**Task brief**. Return every entry below exactly as written.

Dataset excerpts:
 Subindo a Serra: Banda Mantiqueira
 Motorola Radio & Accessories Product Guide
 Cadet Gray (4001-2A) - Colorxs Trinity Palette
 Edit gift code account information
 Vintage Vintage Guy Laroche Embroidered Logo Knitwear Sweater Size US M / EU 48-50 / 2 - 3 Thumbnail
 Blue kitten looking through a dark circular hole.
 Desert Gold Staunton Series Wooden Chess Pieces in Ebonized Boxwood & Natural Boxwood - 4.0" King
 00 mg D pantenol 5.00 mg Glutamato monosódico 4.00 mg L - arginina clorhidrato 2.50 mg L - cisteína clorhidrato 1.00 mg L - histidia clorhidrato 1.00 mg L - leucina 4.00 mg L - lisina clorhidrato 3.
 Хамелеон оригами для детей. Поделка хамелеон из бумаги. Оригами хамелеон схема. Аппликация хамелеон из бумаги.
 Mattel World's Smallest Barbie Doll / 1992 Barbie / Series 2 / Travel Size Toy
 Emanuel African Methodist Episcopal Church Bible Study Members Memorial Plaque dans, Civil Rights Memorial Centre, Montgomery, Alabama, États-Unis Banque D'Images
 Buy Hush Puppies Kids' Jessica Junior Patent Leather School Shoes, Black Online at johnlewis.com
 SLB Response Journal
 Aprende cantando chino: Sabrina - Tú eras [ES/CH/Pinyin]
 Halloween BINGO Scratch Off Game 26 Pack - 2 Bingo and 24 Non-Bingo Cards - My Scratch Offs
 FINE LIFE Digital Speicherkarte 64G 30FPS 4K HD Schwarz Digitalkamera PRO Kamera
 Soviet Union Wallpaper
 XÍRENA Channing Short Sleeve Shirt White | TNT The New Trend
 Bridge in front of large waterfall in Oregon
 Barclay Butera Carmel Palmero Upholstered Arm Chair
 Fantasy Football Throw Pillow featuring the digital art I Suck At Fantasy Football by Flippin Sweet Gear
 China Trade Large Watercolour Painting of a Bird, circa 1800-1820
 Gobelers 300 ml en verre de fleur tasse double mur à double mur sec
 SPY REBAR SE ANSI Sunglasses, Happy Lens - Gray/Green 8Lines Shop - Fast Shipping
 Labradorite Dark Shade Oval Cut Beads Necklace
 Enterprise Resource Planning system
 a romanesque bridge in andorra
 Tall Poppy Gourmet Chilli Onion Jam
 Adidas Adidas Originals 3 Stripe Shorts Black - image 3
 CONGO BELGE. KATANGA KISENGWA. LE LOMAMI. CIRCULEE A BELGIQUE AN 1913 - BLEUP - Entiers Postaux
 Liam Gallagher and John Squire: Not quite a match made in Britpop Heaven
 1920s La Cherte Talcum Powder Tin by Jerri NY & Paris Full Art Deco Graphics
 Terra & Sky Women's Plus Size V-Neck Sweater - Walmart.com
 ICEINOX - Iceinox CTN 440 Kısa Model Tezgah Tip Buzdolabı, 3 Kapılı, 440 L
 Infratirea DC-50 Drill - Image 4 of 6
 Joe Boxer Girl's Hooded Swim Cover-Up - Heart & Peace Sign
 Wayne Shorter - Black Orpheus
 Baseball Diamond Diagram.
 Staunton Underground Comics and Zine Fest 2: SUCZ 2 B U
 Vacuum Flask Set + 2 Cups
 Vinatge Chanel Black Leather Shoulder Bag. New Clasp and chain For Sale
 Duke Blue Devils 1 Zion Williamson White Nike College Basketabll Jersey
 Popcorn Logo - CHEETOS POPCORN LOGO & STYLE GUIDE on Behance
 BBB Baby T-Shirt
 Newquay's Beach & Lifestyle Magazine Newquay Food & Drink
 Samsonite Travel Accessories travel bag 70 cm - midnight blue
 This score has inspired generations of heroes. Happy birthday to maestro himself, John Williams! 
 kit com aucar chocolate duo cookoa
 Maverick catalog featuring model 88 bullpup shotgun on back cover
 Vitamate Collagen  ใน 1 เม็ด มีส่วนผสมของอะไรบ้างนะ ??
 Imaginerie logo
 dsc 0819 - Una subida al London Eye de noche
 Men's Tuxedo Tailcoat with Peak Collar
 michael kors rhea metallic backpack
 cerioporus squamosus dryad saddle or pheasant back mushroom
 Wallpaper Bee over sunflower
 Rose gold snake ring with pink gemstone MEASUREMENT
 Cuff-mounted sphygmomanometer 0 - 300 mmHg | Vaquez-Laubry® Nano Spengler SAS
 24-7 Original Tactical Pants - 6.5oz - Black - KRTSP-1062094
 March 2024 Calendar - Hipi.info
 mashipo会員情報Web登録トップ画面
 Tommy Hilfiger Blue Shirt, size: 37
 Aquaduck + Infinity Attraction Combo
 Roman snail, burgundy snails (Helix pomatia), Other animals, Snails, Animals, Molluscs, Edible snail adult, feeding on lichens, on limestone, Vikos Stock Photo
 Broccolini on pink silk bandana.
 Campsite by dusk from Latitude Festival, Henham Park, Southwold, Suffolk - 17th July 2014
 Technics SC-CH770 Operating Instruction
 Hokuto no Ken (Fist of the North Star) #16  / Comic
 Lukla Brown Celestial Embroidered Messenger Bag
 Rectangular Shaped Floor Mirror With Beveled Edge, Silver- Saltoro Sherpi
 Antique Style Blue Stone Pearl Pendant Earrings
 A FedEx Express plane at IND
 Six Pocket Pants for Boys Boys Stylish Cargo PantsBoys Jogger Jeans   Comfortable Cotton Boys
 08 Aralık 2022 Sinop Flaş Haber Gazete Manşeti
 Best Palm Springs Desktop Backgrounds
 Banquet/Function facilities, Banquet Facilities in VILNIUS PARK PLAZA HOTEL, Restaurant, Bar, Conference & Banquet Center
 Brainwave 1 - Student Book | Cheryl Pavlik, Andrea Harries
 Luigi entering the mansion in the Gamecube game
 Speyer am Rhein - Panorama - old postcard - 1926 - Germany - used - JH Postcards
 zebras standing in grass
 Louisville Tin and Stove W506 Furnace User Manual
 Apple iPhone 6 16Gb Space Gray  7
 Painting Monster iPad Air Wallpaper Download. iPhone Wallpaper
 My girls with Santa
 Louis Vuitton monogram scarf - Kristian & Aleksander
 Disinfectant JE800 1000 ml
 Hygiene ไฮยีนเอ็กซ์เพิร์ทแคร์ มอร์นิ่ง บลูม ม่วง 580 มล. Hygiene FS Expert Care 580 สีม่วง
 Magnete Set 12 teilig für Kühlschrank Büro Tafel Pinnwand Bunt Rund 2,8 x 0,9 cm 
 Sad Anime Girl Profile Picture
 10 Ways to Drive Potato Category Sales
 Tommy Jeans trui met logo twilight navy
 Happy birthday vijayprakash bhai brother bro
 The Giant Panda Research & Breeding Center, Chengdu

**Result**.
 Subindo a Serra: Banda Mantiqueira
 Motorola Radio & Accessories Product Guide
 Cadet Gray (4001-2A) - Colorxs Trinity Palette
 Edit gift code account information
 Vintage Vintage Guy Laroche Embroidered Logo Knitwear Sweater Size US M / EU 48-50 / 2 - 3 Thumbnail
 Blue kitten looking through a dark circular hole.
 Desert Gold Staunton Series Wooden Chess Pieces in Ebonized Boxwood & Natural Boxwood - 4.0" King
 00 mg D pantenol 5.00 mg Glutamato monosódico 4.00 mg L - arginina clorhidrato 2.50 mg L - cisteína clorhidrato 1.00 mg L - histidia clorhidrato 1.00 mg L - leucina 4.00 mg L - lisina clorhidrato 3.
 Хамелеон оригами для детей. Поделка хамелеон из бумаги. Оригами хамелеон схема. Аппликация хамелеон из бумаги.
 Mattel World's Smallest Barbie Doll / 1992 Barbie / Series 2 / Travel Size Toy
 Emanuel African Methodist Episcopal Church Bible Study Members Memorial Plaque dans, Civil Rights Memorial Centre, Montgomery, Alabama, États-Unis Banque D'Images
 Buy Hush Puppies Kids' Jessica Junior Patent Leather School Shoes, Black Online at johnlewis.com
 SLB Response Journal
 Aprende cantando chino: Sabrina - Tú eras [ES/CH/Pinyin]
 Halloween BINGO Scratch Off Game 26 Pack - 2 Bingo and 24 Non-Bingo Cards - My Scratch Offs
 FINE LIFE Digital Speicherkarte 64G 30FPS 4K HD Schwarz Digitalkamera PRO Kamera
 Soviet Union Wallpaper
 XÍRENA Channing Short Sleeve Shirt White | TNT The New Trend
 Bridge in front of large waterfall in Oregon
 Barclay Butera Carmel Palmero Upholstered Arm Chair
 Fantasy Football Throw Pillow featuring the digital art I Suck At Fantasy Football by Flippin Sweet Gear
 China Trade Large Watercolour Painting of a Bird, circa 1800-1820
 Gobelers 300 ml en verre de fleur tasse double mur à double mur sec
 SPY REBAR SE ANSI Sunglasses, Happy Lens - Gray/Green 8Lines Shop - Fast Shipping
 Labradorite Dark Shade Oval Cut Beads Necklace
 Enterprise Resource Planning system
 a romanesque bridge in andorra
 Tall Poppy Gourmet Chilli Onion Jam
 Adidas Adidas Originals 3 Stripe Shorts Black - image 3
 CONGO BELGE. KATANGA KISENGWA. LE LOMAMI. CIRCULEE A BELGIQUE AN 1913 - BLEUP - Entiers Postaux
 Liam Gallagher and John Squire: Not quite a match made in Britpop Heaven
 1920s La Cherte Talcum Powder Tin by Jerri NY & Paris Full Art Deco Graphics
 Terra & Sky Women's Plus Size V-Neck Sweater - Walmart.com
 ICEINOX - Iceinox CTN 440 Kısa Model Tezgah Tip Buzdolabı, 3 Kapılı, 440 L
 Infratirea DC-50 Drill - Image 4 of 6
 Joe Boxer Girl's Hooded Swim Cover-Up - Heart & Peace Sign
 Wayne Shorter - Black Orpheus
 Baseball Diamond Diagram.
 Staunton Underground Comics and Zine Fest 2: SUCZ 2 B U
 Vacuum Flask Set + 2 Cups
 Vinatge Chanel Black Leather Shoulder Bag. New Clasp and chain For Sale
 Duke Blue Devils 1 Zion Williamson White Nike College Basketabll Jersey
 Popcorn Logo - CHEETOS POPCORN LOGO & STYLE GUIDE on Behance
 BBB Baby T-Shirt
 Newquay's Beach & Lifestyle Magazine Newquay Food & Drink
 Samsonite Travel Accessories travel bag 70 cm - midnight blue
 This score has inspired generations of heroes. Happy birthday to maestro himself, John Williams! 
 kit com aucar chocolate duo cookoa
 Maverick catalog featuring model 88 bullpup shotgun on back cover
 Vitamate Collagen  ใน 1 เม็ด มีส่วนผสมของอะไรบ้างนะ ??
 Imaginerie logo
 dsc 0819 - Una subida al London Eye de noche
 Men's Tuxedo Tailcoat with Peak Collar
 michael kors rhea metallic backpack
 cerioporus squamosus dryad saddle or pheasant back mushroom
 Wallpaper Bee over sunflower
 Rose gold snake ring with pink gemstone MEASUREMENT
 Cuff-mounted sphygmomanometer 0 - 300 mmHg | Vaquez-Laubry® Nano Spengler SAS
 24-7 Original Tactical Pants - 6.5oz - Black - KRTSP-1062094
 March 2024 Calendar - Hipi.info
 mashipo会員情報Web登録トップ画面
 Tommy Hilfiger Blue Shirt, size: 37
 Aquaduck + Infinity Attraction Combo
 Roman snail, burgundy snails (Helix pomatia), Other animals, Snails, Animals, Molluscs, Edible snail adult, feeding on lichens, on limestone, Vikos Stock Photo
 Broccolini on pink silk bandana.
 Campsite by dusk from Latitude Festival, Henham Park, Southwold, Suffolk - 17th July 2014
 Technics SC-CH770 Operating Instruction
 Hokuto no Ken (Fist of the North Star) #16  / Comic
 Lukla Brown Celestial Embroidered Messenger Bag
 Rectangular Shaped Floor Mirror With Beveled Edge, Silver- Saltoro Sherpi
 Antique Style Blue Stone Pearl Pendant Earrings
 A FedEx Express plane at IND
 Six Pocket Pants for Boys Boys Stylish Cargo PantsBoys Jogger Jeans   Comfortable Cotton Boys
 08 Aralık 2022 Sinop Flaş Haber Gazete Manşeti
 Best Palm Springs Desktop Backgrounds
 Banquet/Function facilities, Banquet Facilities in VILNIUS PARK PLAZA HOTEL, Restaurant, Bar, Conference & Banquet Center
 Brainwave 1 - Student Book | Cheryl Pavlik, Andrea Harries
 Luigi entering the mansion in the Gamecube game
 Speyer am Rhein - Panorama - old postcard - 1926 - Germany - used - JH Postcards
 zebras standing in grass
 Louisville Tin and Stove W506 Furnace User Manual
 Apple iPhone 6 16Gb Space Gray  7
 Painting Monster iPad Air Wallpaper Download. iPhone Wallpaper
 My girls with Santa
 Louis Vuitton monogram scarf - Kristian & Aleksander
 Disinfectant JE800 1000 ml
 Hygiene ไฮยีนเอ็กซ์เพิร์ทแคร์ มอร์นิ่ง บลูม ม่วง 580 มล. Hygiene FS Expert Care 580 สีม่วง
 Magnete Set 12 teilig für Kühlschrank Büro Tafel Pinnwand Bunt Rund 2,8 x 0,9 cm 
 Sad Anime Girl Profile Picture
 10 Ways to Drive Potato Category Sales
 Tommy Jeans trui met logo twilight navy
 Happy birthday vijayprakash bhai brother bro
 The Giant Panda Research & Breeding Center, Chengdu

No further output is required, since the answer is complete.